Insight for CEOs. The use cases where LLMs are most reliable — summarisation, drafting, code generation for known patterns — are exactly the use cases where they are most valuable. The use cases where you most need AI to be reliable — novel analysis, complex decisions, optimisation — are exactly where it fails.

5. A framework for safe deployment

Zone	Characteristics	Risk	Approach
Green	Summarisation, drafting, code for known patterns, content	Low	Deploy with human review. Productivity gains are real and reliable.
Yellow	Extraction, classification, Q&A on a single document	Medium	Test rigorously on your data; mandatory human verification.
Red	Multi-document reasoning, optimisation, novel problem-solving, compliance decisions	High	Do not deploy standard LLMs. Specialised architectures, extensive testing, or human-in-the-loop.

Insight for CEOs. The most dangerous deployments are Red Zone use cases misclassified as Green by teams seduced by a demo. Demand empirical testing on your specific cases before any production deployment.

6. Conclusion: the Thinking Slow imperative

The LLMs available today are extraordinary tools for Thinking Fast — pattern-matching, retrieval, fluent generation. They are fundamentally unreliable for Thinking Slow — logical reasoning, constraint satisfaction, the reliable use of new information.

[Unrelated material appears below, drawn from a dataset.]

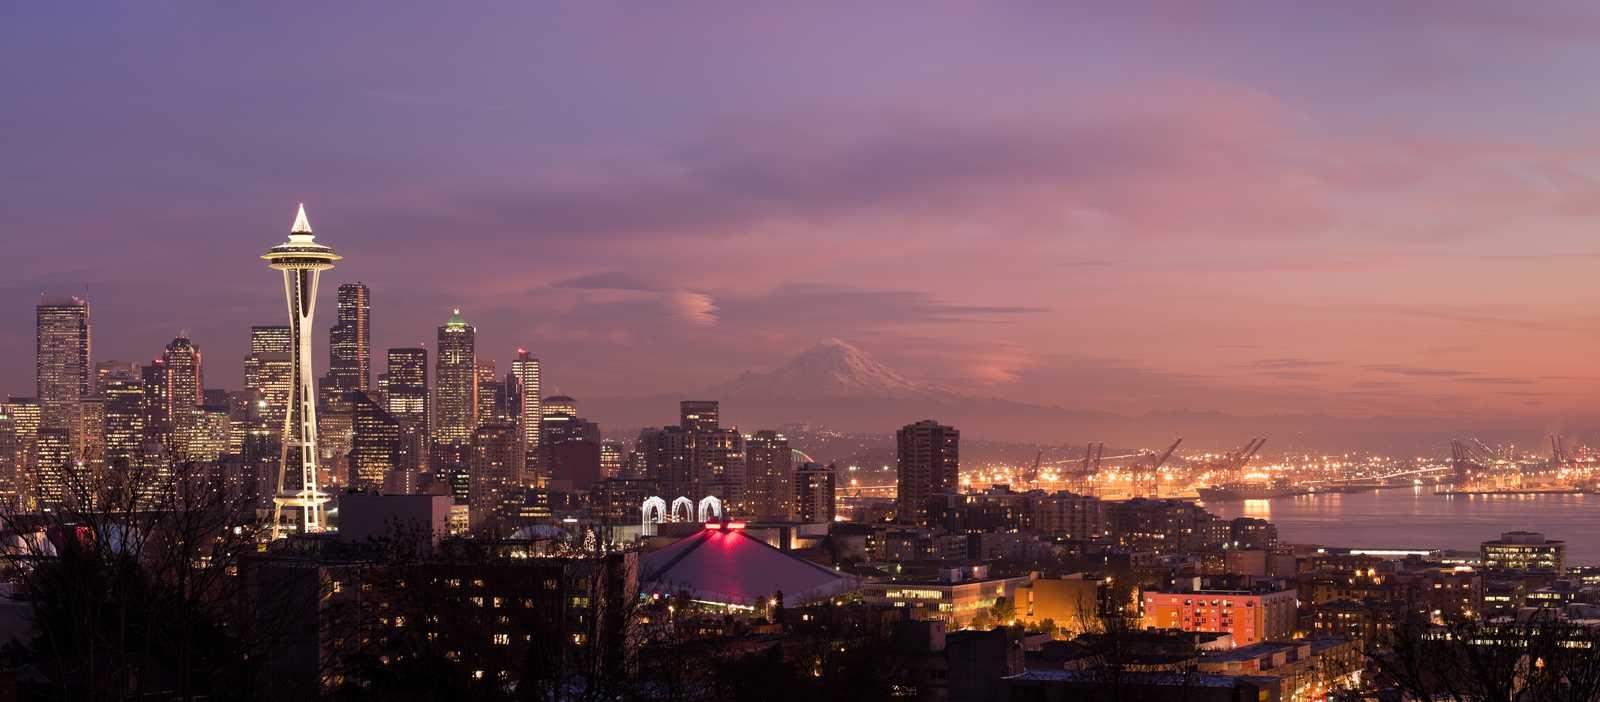 Die Skyline Seattles zur Weihnachtszeit

This is not criticism. It is a precise description of what the technology is, and is not. The organisations that win in the AI era will not be those that deploy AI everywhere. They will be those that deploy it precisely — in the Green Zone where it is reliable, with robust oversight in the Yellow Zone, and with appropriate scepticism about the Red Zone until the technology matures.

Thinking Fast (LLM strength)	Thinking Slow (human strength)
Pattern recognition and retrieval	Causal reasoning and logic
Fluent text generation	Novel problem-solving
Summarisation and synthesis	Constraint satisfaction
Code for known patterns	Reliable use of new information
Content creation and drafting	High-stakes decision-making

Before deploying any LLM in production, ask three questions. (1) Is this a Green Zone use case? (2) Have we tested it on our own data, not just published benchmarks? (3) Do we have a verification workflow for outputs where errors would be costly? If any answer is no, do not deploy.

Memo prepared by Álvaro de Nicolás · June 2026. For board and executive use.